Je me propose aussi de traduire Votre „Palingénésie“. J’ai un ami (Mr. N. N. à Moscou), qui s’estime heureux, ainsi que moi, d’avoir lu et médité Vos ouvrages, et qui m’aidera dans mon agréable travail; et peut être que dans l’instant même où j’ai l’honneur de Vous écrire, il s’occupe à traduire un chapitre de Votre „Contemplation“ ou de Votre „Palingénésie“, pour en faire un présent à son ami, à son retour dans sa patrie.
En présentant au Public ma traduction, je dirai: „Je l’ai vu lui-même“, et le lecteur m’enviera dans son coeur.
Daignez agréer mes remerciemens de l’accueil favorable que Vous avez eu la bonté de me faire, et le respect profond, avec lequel je suis,
Monsieur,
Votre très humble
et très obéissant serviteur
N.N.»[135].
Вот ответ:
«Si je n’avois pas su, Monsieur, que vous êtes Russe de naissance, je ne m’en serois pas douté à la lecture de votre obligeante lettre. Vous maniez notre langue comme un François qui l’a cultivée, et je ne puis trop me féliciter d’avoir rencontré un Traducteur aussi capable que vous l’êtes de rendre bien son original. Vous ne rendrez sûrement pas moins bien la „Palingénésie“ que la „Contemplation“, et ces deux ouvrages vous devront un honneur auquel l’Auteur sera extrêmement sensible, celui d’être connu d’une Nation que votre patriotisme désire d’éclairer, et qui est très susceptible d’instruction.
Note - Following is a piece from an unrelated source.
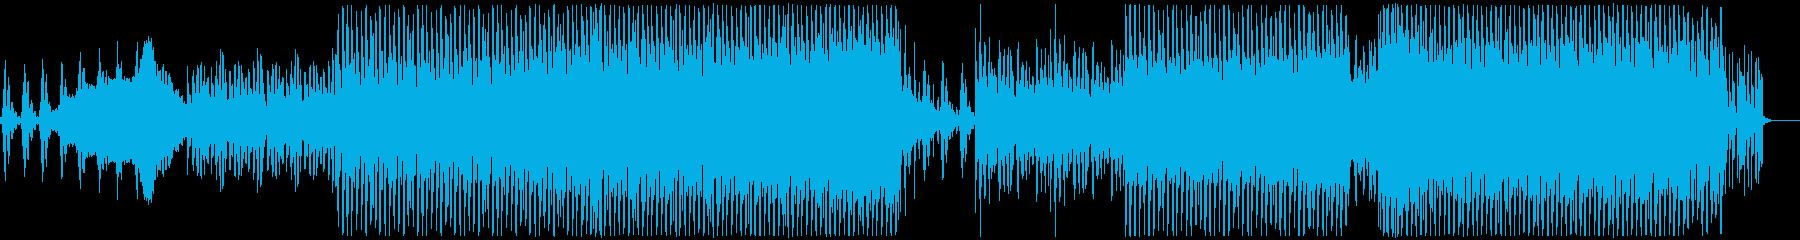 シブい系のシンセ音、幻想的なEDMの再生済みの波形

J’ai, Monsieur, un plaisir à vous demander; ce seroit d’accepter pour lundi prochain, 25 du courant, un petit dîner philosophique dans ma retraite champêtre. Si ce jour peut vous convenir, je vous attendrois sur le midi, et nous nous entretiendrions ensemble d’un travail dont je vous suis si redevable. Veuilles me donner un mot de réponse.
Je suis charmé d’apprendre que vous ayez à Moscow un Ami inspiré par les mêmes vues qui vous animent, et la satisfaction qu’il goûte à me lire et à me méditer, m’en donne beaucoup à moi-même.
Agréez les assurances bien vraies des sentimens pleins d’estime et de considération avec lesquels j’ai l’honneur d’être,
Monsieur,
Votre très humble
et très obéissant serviteur
Le Contemplateur d. l. Nature»[136].
Женева, 26 января 1790
День вчера был очень хорош, и я отправился в Жанту пешком, но скоро небо помрачилось и сильный дождь принудил меня искать убежища. Я зашел в крестьянский домик, где многочисленное семейство сидело за обедом. Хозяин, узнав причину нечаянного посещения моего, принес мне стул из другой горницы и просил меня отведать картофелей, сваренных его женою, Я отведал, похвалил и положил вилку. – «Что же вы не едите?» – «Я иду обедать в Жанту, к г. Боннету», – «К господину Боннету? Итак, вы с ним знакомы?» – «Знаком, хотя очень недавно». – «Какой добрый человек! Все поселяне любят его сердечно, а бедные называют отцом и благодетелем». – «Он помогает им?» – «Конечно; никто еще не уходил от него с печальным лицом». – «Итак, он много раздает денег?» – «Очень много; и, сверх того, говорит всегда так ласково, так умно, так хорошо, что у всякого слезы на глазах навертываются и всякому хочется схватить и поцеловать руку его». – «Правда, правда, батюшка!» – сказал большой сын моего хозяина. – «Правда», – повторила молодая жена его, взглянув на мужа и на меня… – Дождь перестал, и я пошел, изъявив благодарность мою гостеприимному и добросердечному поселянину. Итак, женевский мудрец не только по сочинениям, но и по делам своим есть друг человечества!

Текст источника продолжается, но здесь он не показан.